One company I know treats its employees as if they are children. It constantly holds the expectation that its workforce can’t be trusted, doesn’t have the company’s best interests in mind, and need to be watched constantly for any possible infractions of company policy. This sounds like a self-fulfilling prophecy, doesn’t it?

Another company does its best to make sure all its employees adhere to a very strict schedule of Monday to Friday, 8 a.m. to 5 p.m. with no exceptions, even though more than half of its employees perform duties not tied to the company’s hours of operation and some can easily perform their job from a home computer. There are some control issues going on here!

Finally, another firm, in professional services, maintains that as an “informal” policy it expects all of their employees to work very long hours because it can’t afford to hire additional staff — and, well, that’s what it has always expected from anyone who wants to work there This sounds very appealing to a semi-retired Baby Boomer, doesn’t it?

All of these companies have one thing in common.

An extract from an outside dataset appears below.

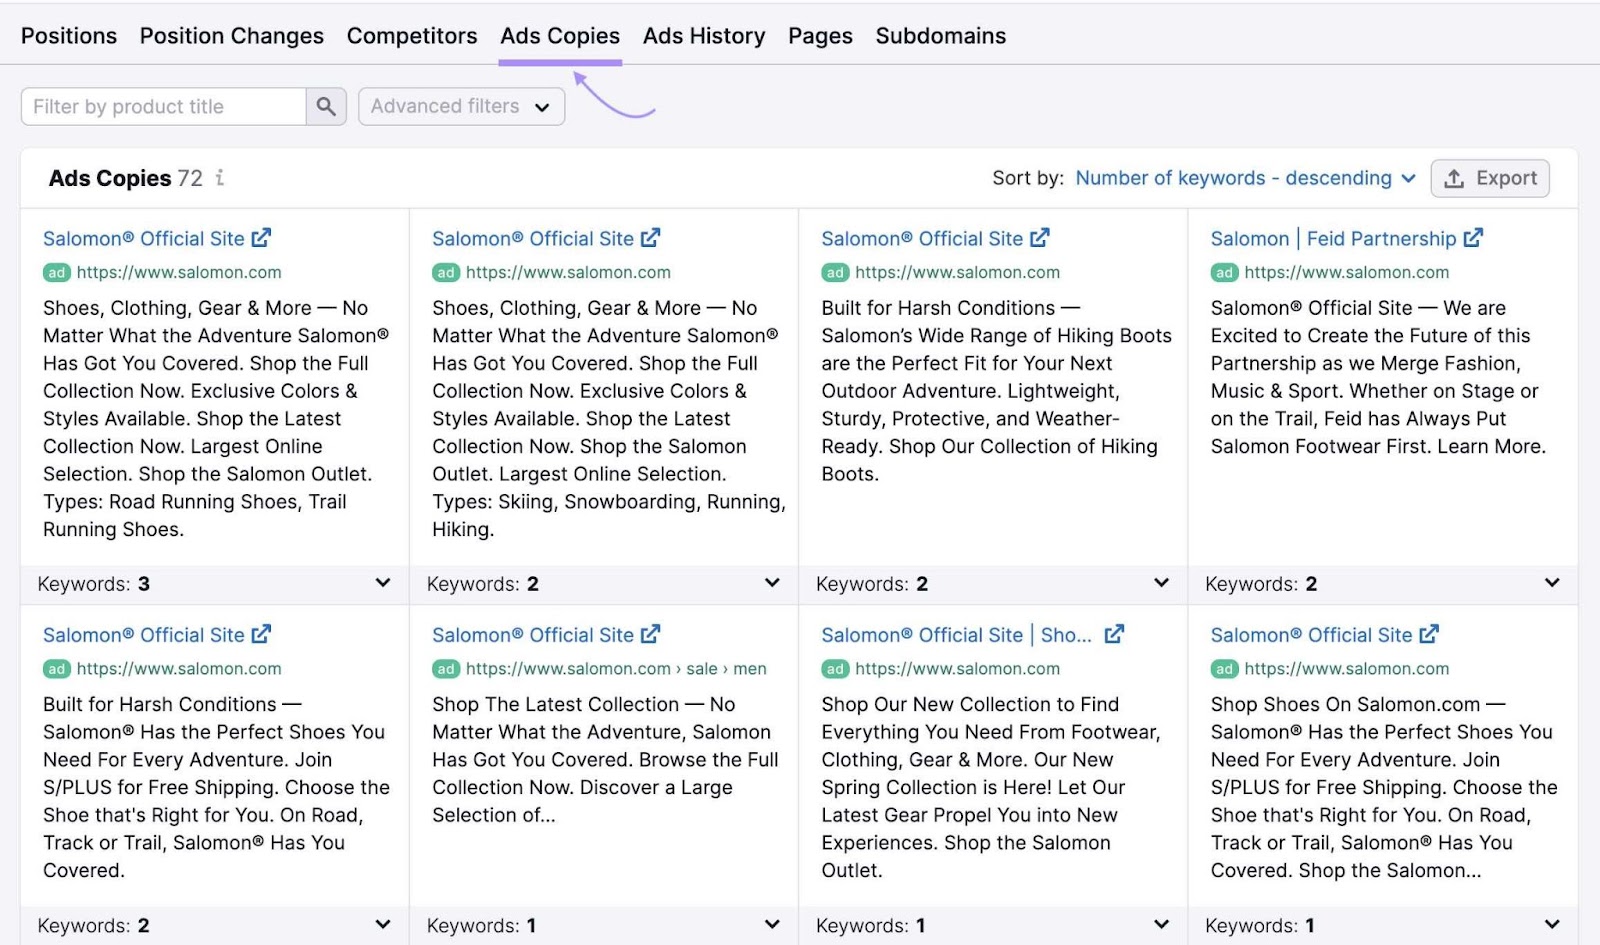 List of competitor ad copies in the Advertising Research tool.

They will all struggle to maintain an adequate workforce and go the way of the dinosaurs if they don’t change their ways. As the labor supply decreases in the coming years, retaining top talent will be more than a simple matter of the employer who pays the most gets the talent. The dynamics of what keeps employees engaged will be no different in 2025 then what it is today. The four cornerstones of why employees stay with a company are: they feel appreciated for their contributions, positively challenged by their responsibilities, offered benefits that make sense for their lifestyle, and have successfully struck a balance between their career and their personal life.

Reassess your goodwill now and ask yourself, “how healthy is my company’s reputation with our workforce?”

There isn’t any one right answer to the goodwill question. While concierge services and on-site day care may be positives at one company, they may mean little at another. A short work day and telecommuting may also be treated differently from one group of employees to another. Goodwill doesn’t have to cost a lot to build, but it can be expensive to lose, when you consider the cost of your revolving personnel door, constant retraining of new employees to replace the old, employee theft as a result of discontent, and lost business relationships built over time by your workforce.

Think about the companies today with the best professional reputations, internally and externally, such as Microsoft, Google, and Yahoo!, to name just a few. A great place to get a hold on your company goodwill is by gaining an understanding of the details of what inspires and keeps your employees happy. It will be the companies positioning themselves today on the four cornerstones of employee goodwill who will capitalize on the top talent of tomorrow.